そして、こわいひとがお父さんに見えてしまうのか。確かに小さい頃から、父親のような役割りをしてくれている。
ちなみに髪は、基本母だが忙しい時はこわいひとが切ってくれていた。
僕は宿題をやろうとすると寝てしまう人間で、それを活用してこわいひとは切ってくれたのだ。
幼い頃、僕はこの人に頼りっぱなしだった。
幼いながらも、信用できる大人だと何となく感じていたからだ。
「お仕事下さい。」
小学校の低学年。僕はこわいひとにそう頼む。
「どうしてだ。」
「給食費、僕だけいつも払えてない。

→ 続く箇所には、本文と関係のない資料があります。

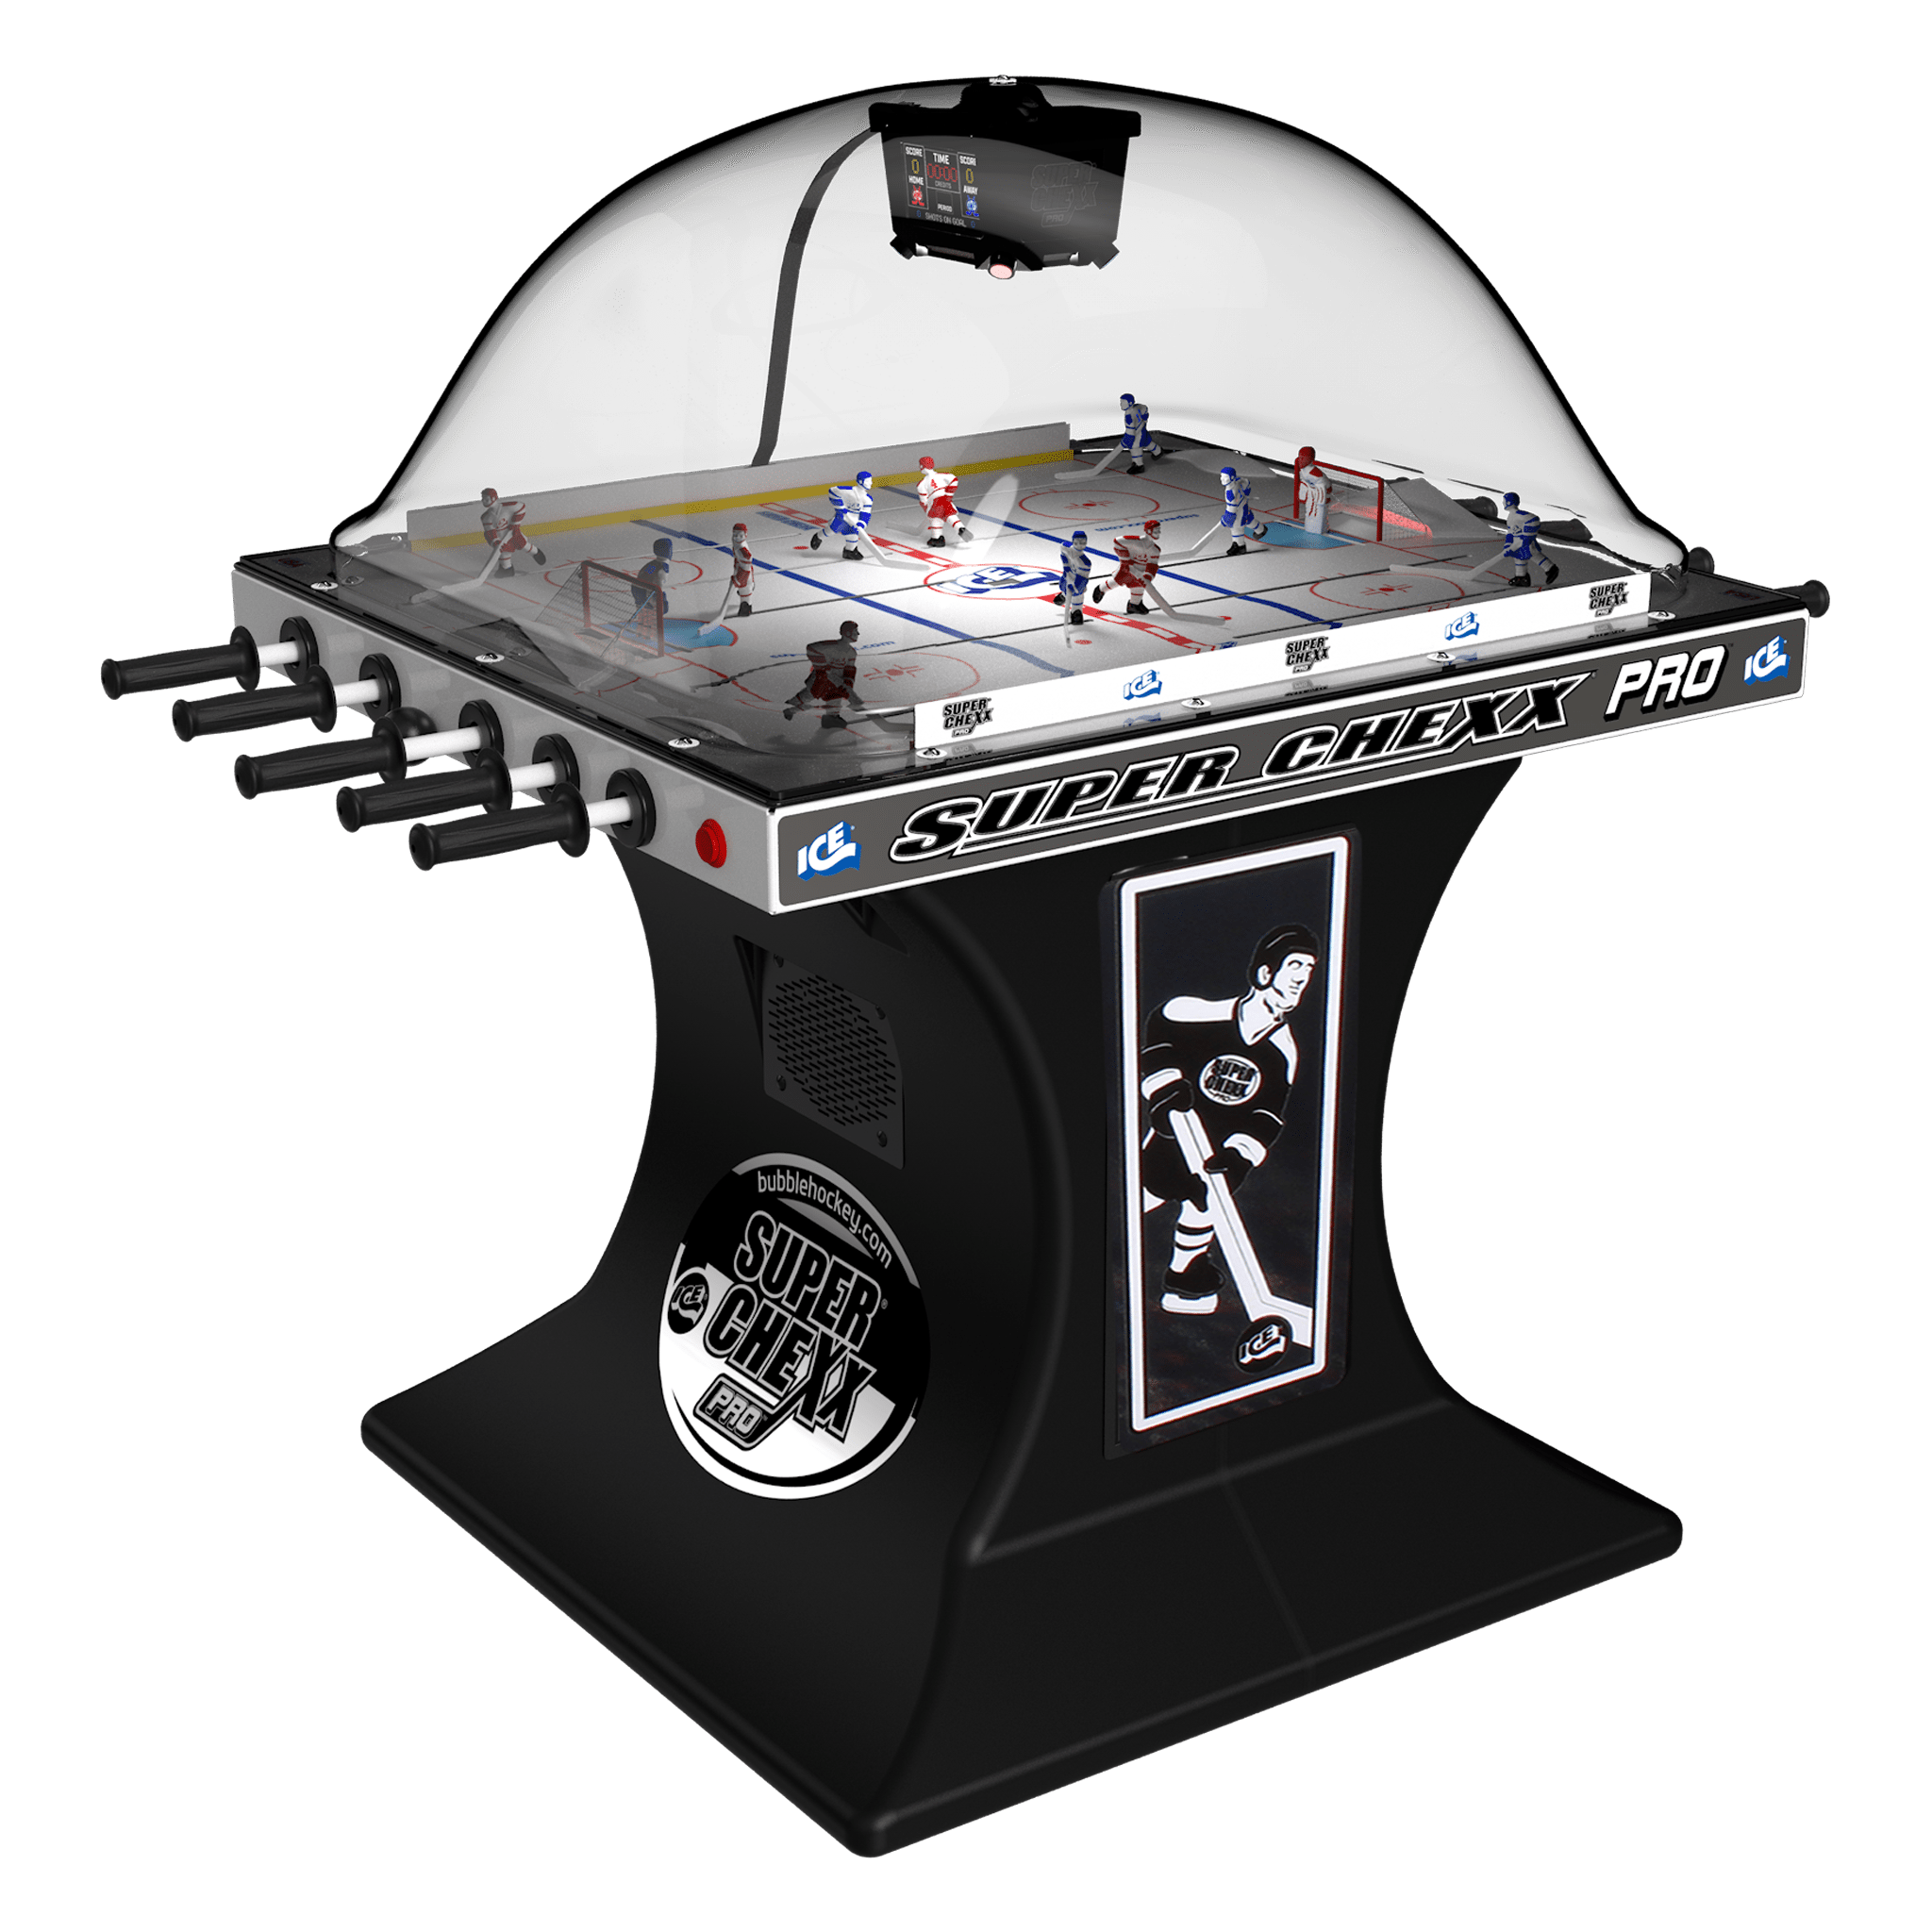 Super Chexx PRO® Bubble Hockey
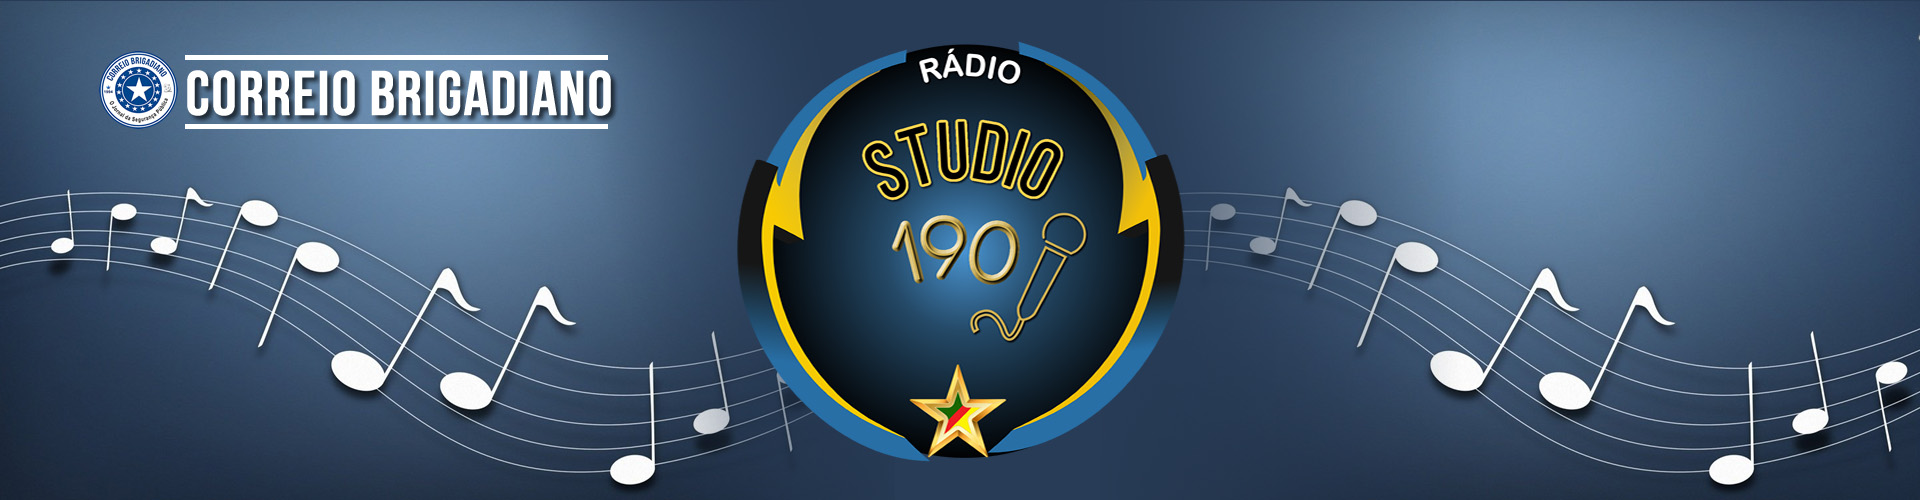 Rádio Studio 190 Porto Alegre

でもお父さんとお母さんに言うと困っちゃうと思うから。」
「・・お前は父親と違って、自分のケツは自分でふくんだな。」
「あのね、100円分だったら自動販売機とかを見て集められるけど、1ヶ月4000円は難しいんだ。」
「わかった、1ヶ月4000円の仕事をやるよ。」
任された仕事は、AVの撮影で使われた部屋の掃除。
お仕事を真面目に取り組むものの、10分で1タイルと非常に片付けるスピードは遅く、それにイラついた借金取りは僕に暴力を振りだした。
そんな中、こわいひとはただ一人具体的な案をくれる。